Dataset excerpts:
◇ ◇ ◇ ◇ ◇

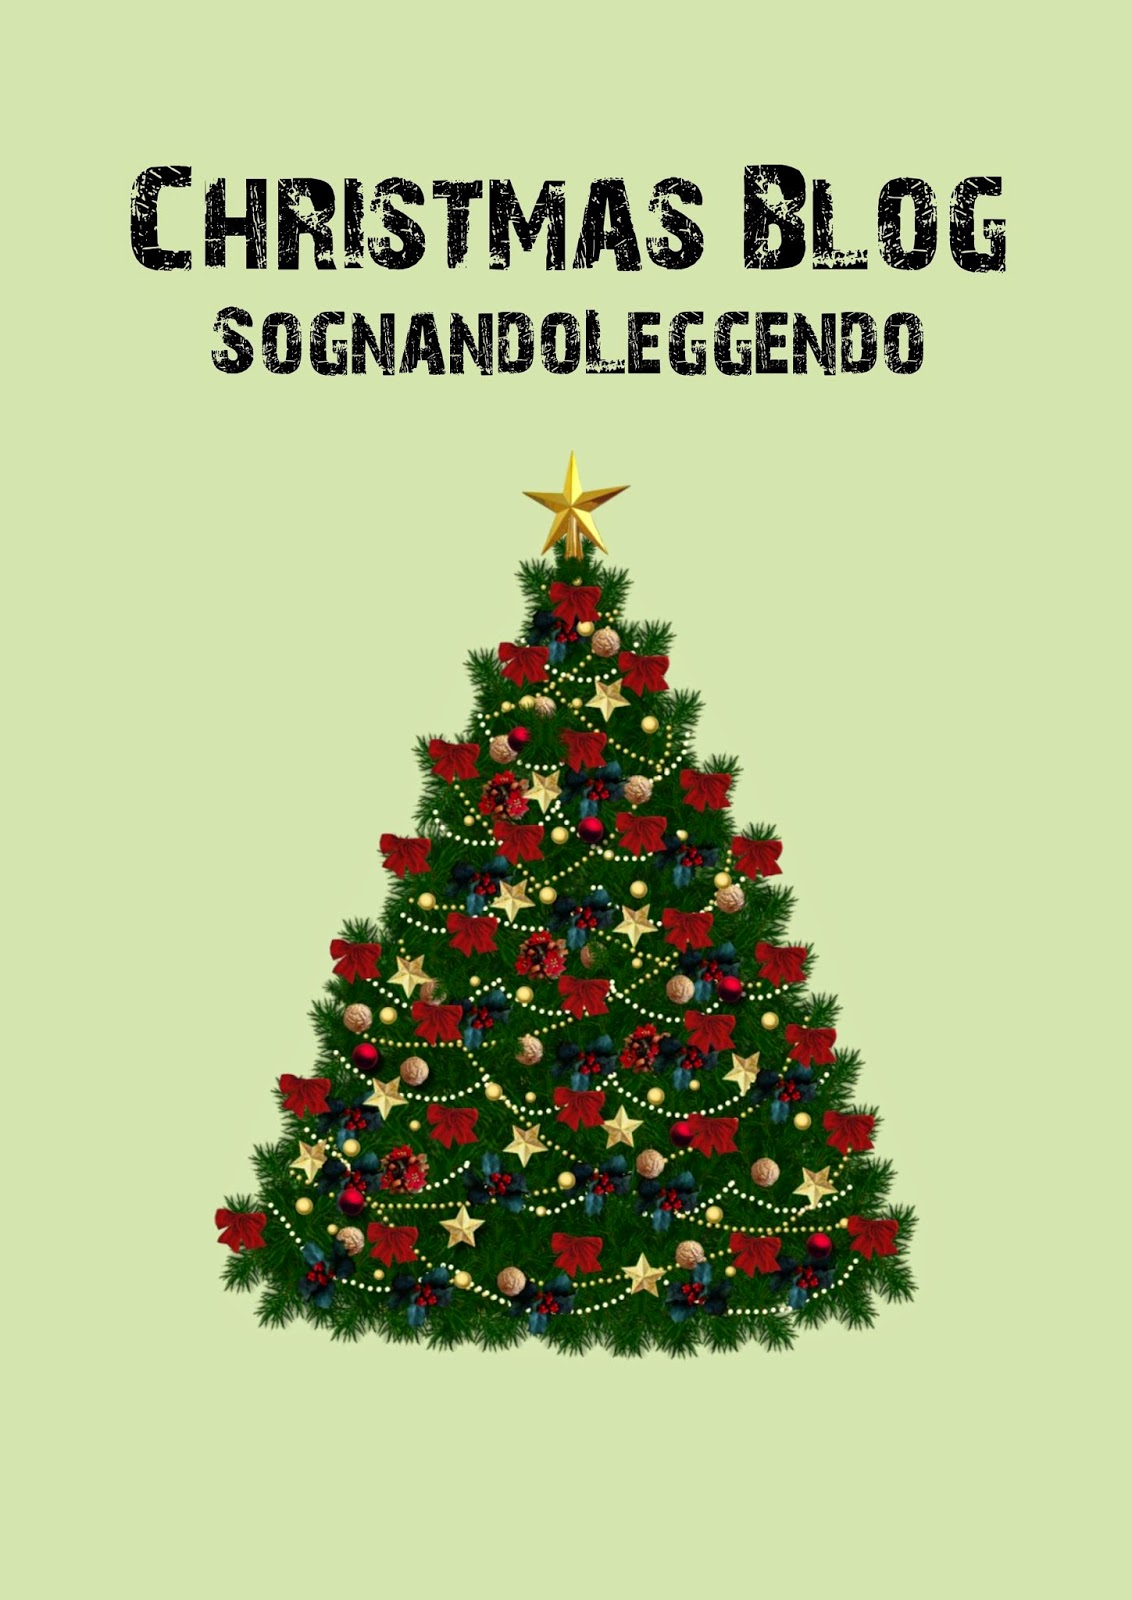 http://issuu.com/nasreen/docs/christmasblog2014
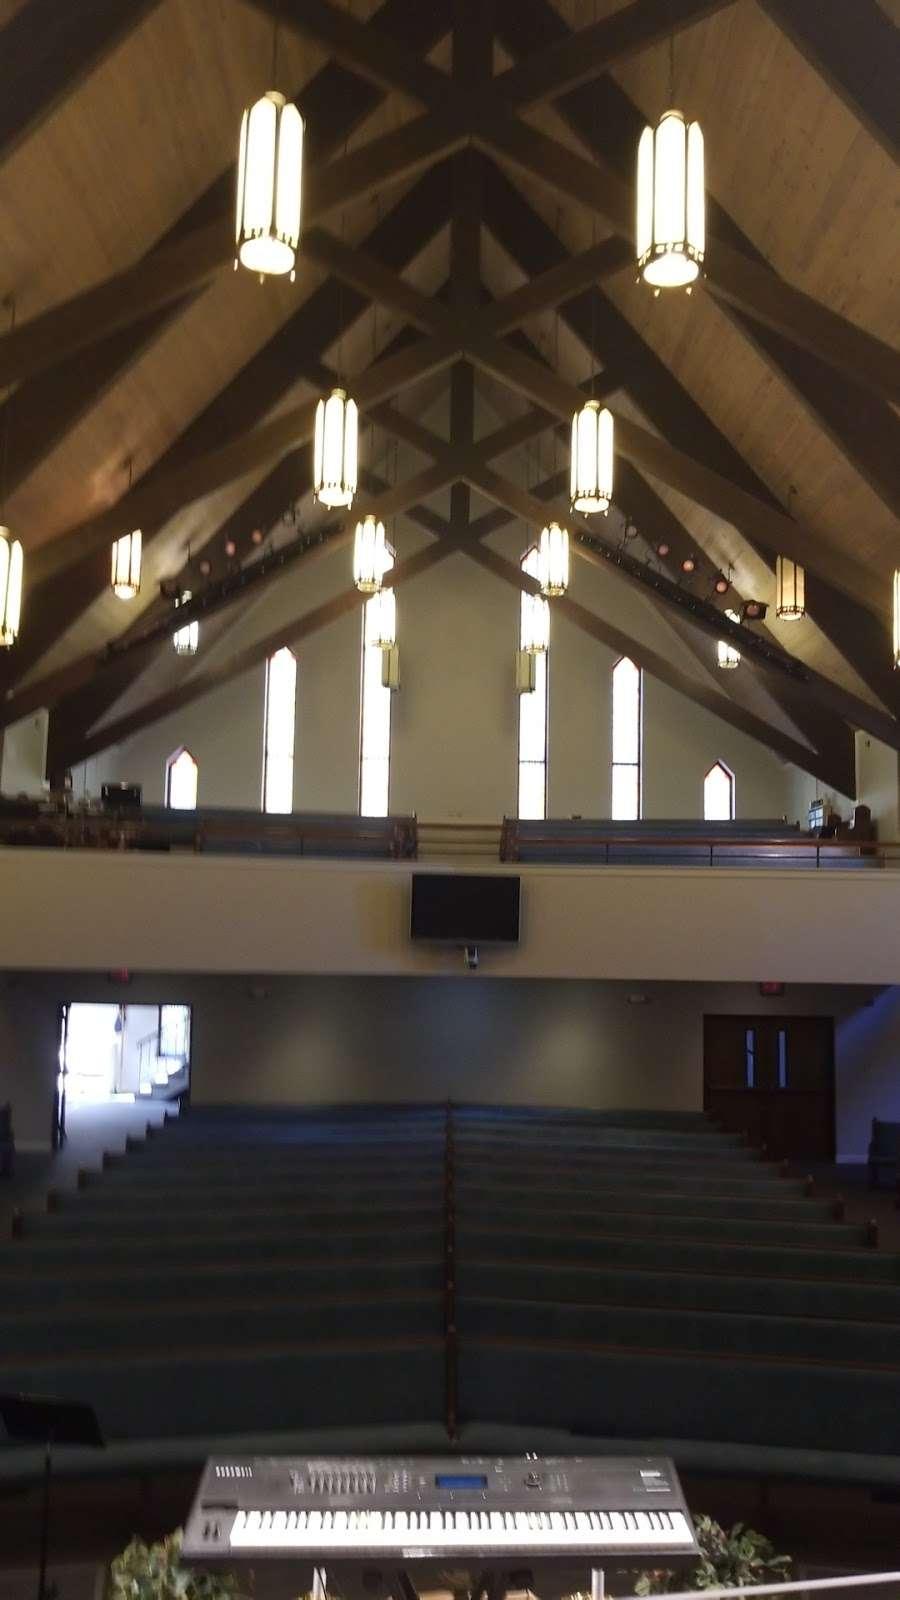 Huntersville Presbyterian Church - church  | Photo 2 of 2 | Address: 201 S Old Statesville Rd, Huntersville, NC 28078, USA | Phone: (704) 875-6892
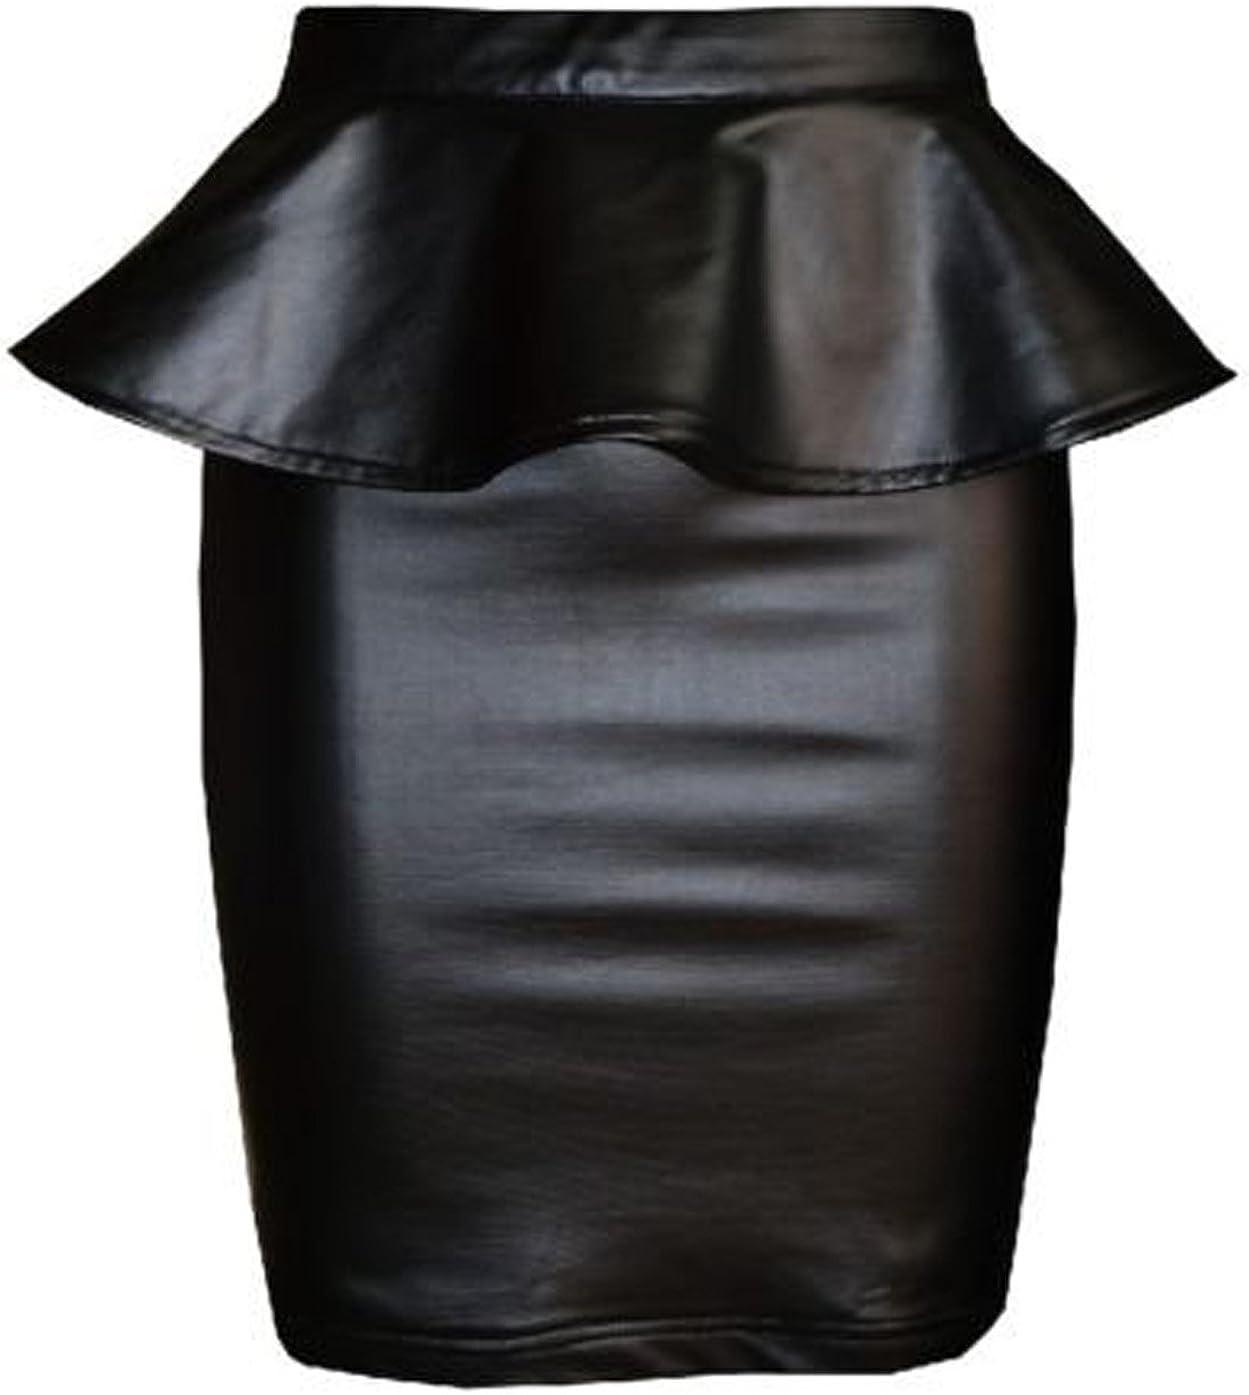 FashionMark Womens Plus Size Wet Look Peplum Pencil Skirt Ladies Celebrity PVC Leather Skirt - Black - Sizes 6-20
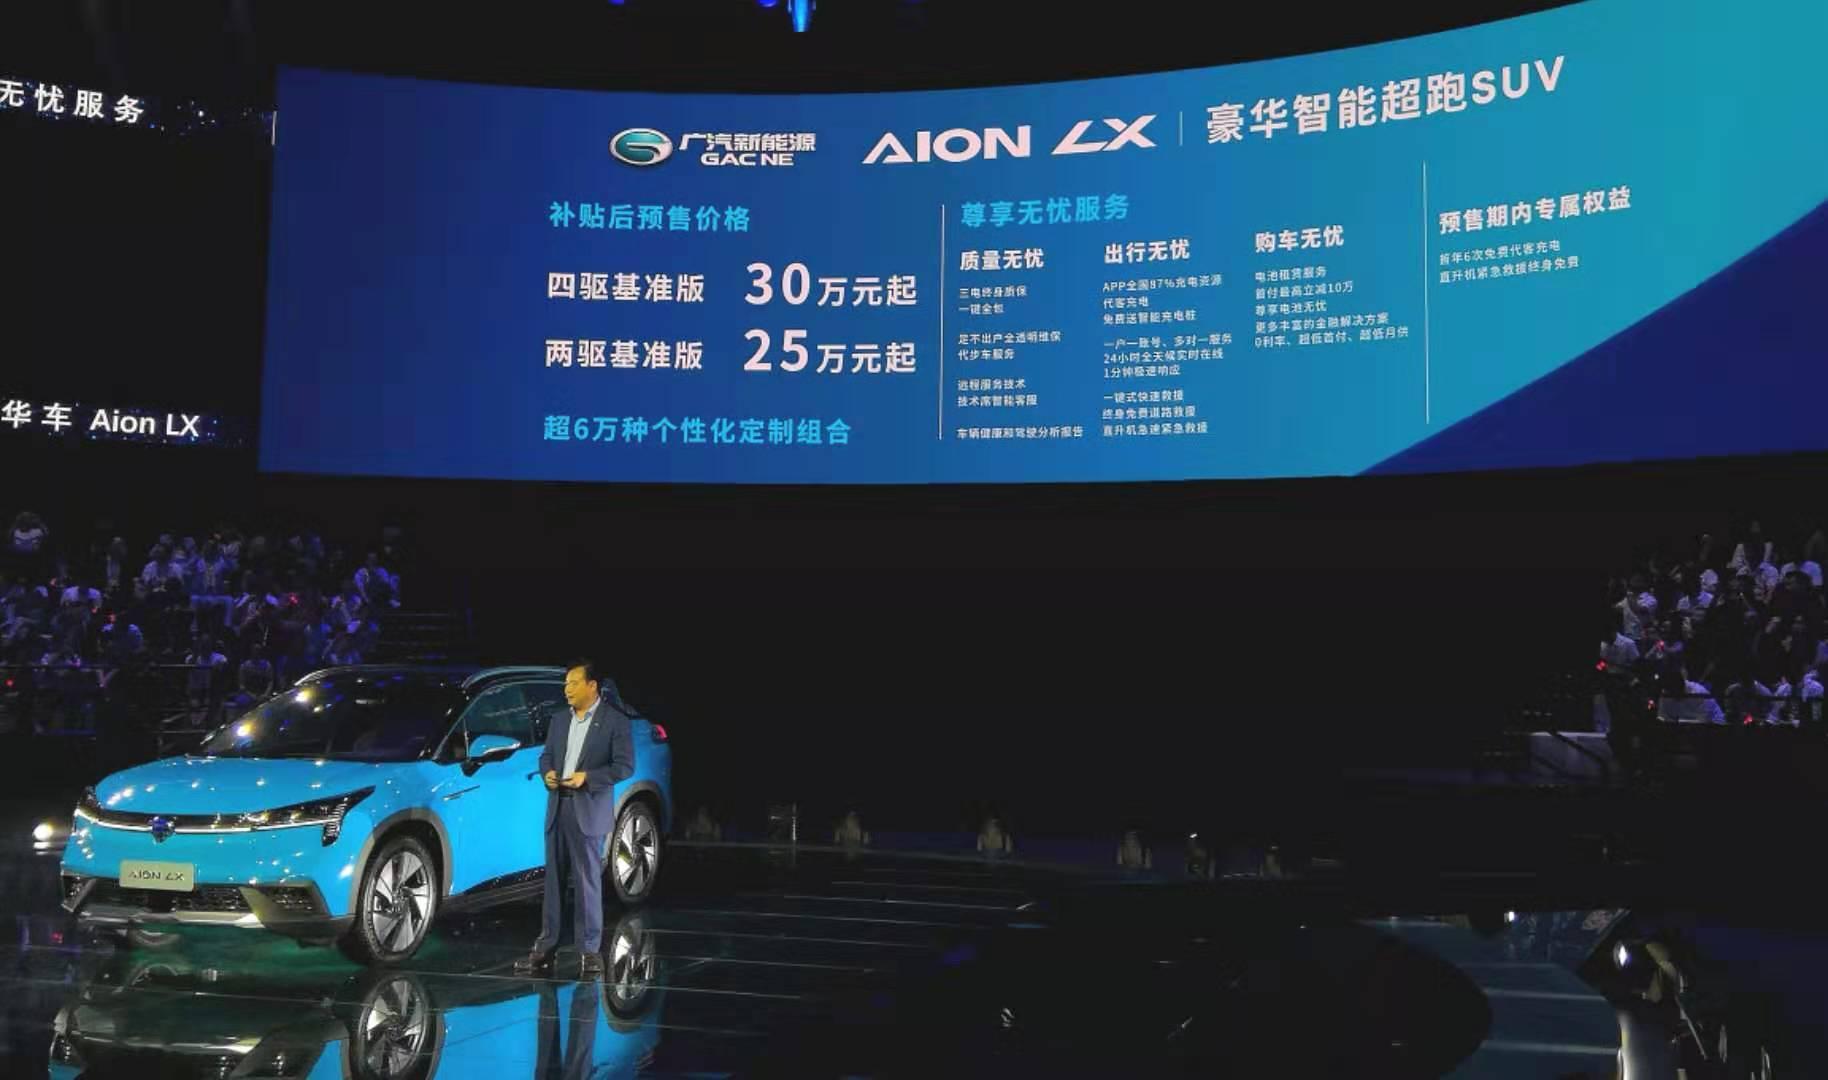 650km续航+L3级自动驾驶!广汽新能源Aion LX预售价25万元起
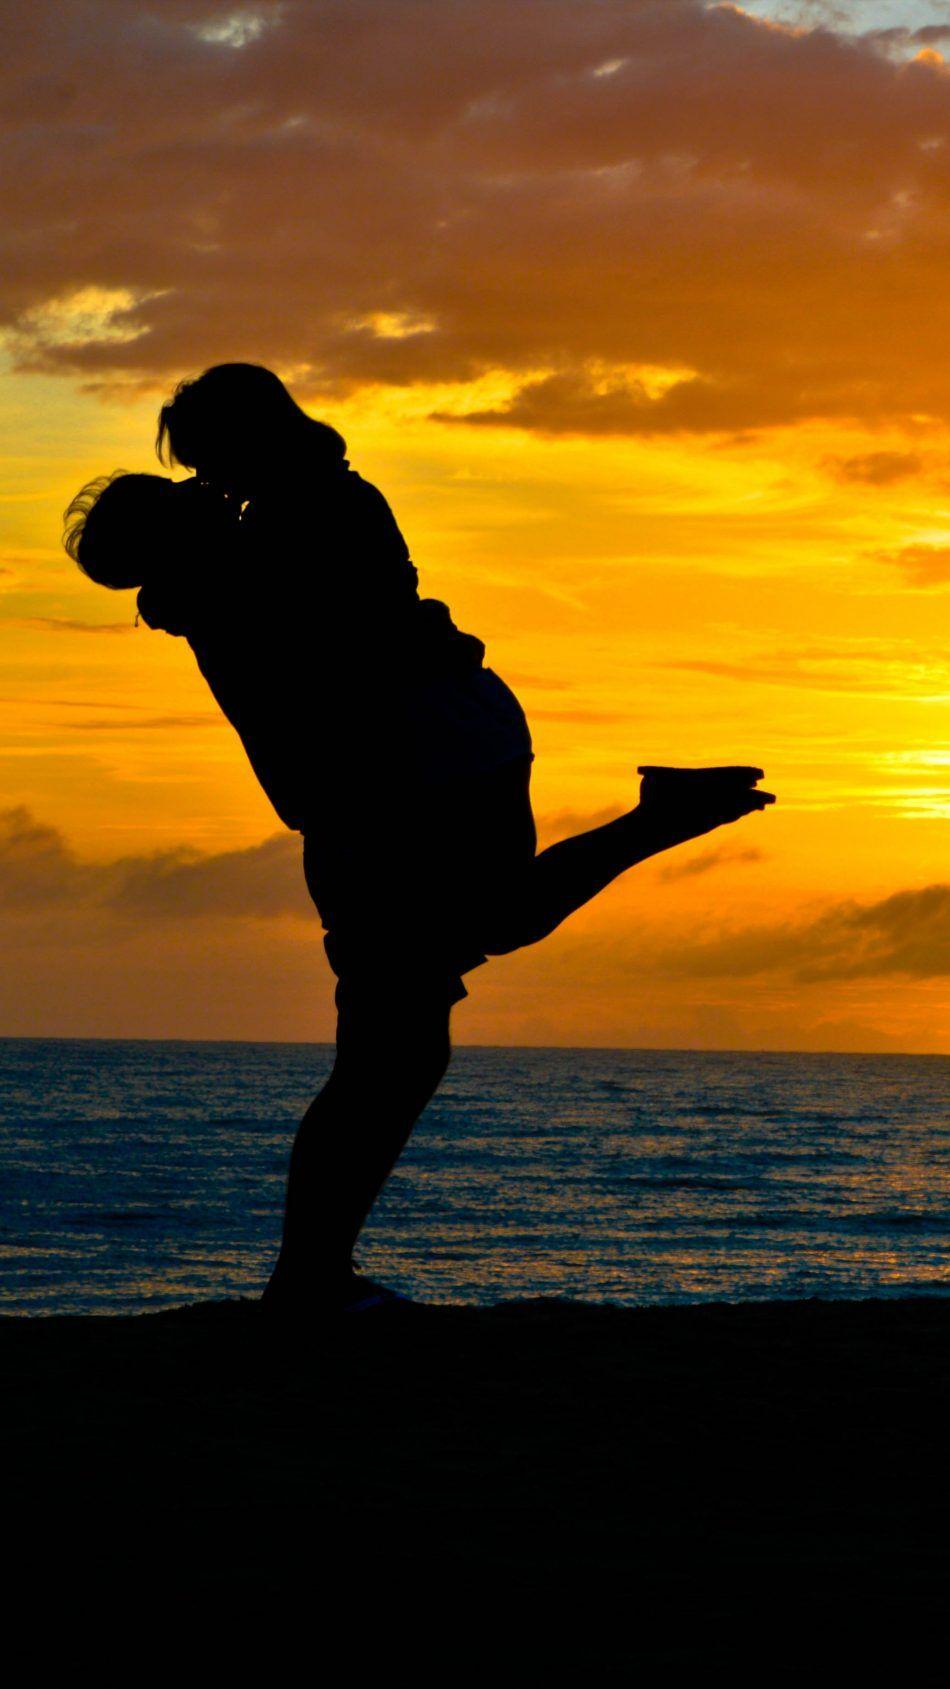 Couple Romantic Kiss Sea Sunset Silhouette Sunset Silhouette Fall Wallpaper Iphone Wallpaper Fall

◇ ◇ ◇ ◇ ◇

▸ WHAT TO DO: The answer should consist of all the records, duplicated exactly, with no images included.

▸ ANSWER SECTION:
 http://issuu.com/nasreen/docs/christmasblog2014
 Huntersville Presbyterian Church - church  | Photo 2 of 2 | Address: 201 S Old Statesville Rd, Huntersville, NC 28078, USA | Phone: (704) 875-6892
 FashionMark Womens Plus Size Wet Look Peplum Pencil Skirt Ladies Celebrity PVC Leather Skirt - Black - Sizes 6-20
 650km续航+L3级自动驾驶!广汽新能源Aion LX预售价25万元起
 Couple Romantic Kiss Sea Sunset Silhouette Sunset Silhouette Fall Wallpaper Iphone Wallpaper Fall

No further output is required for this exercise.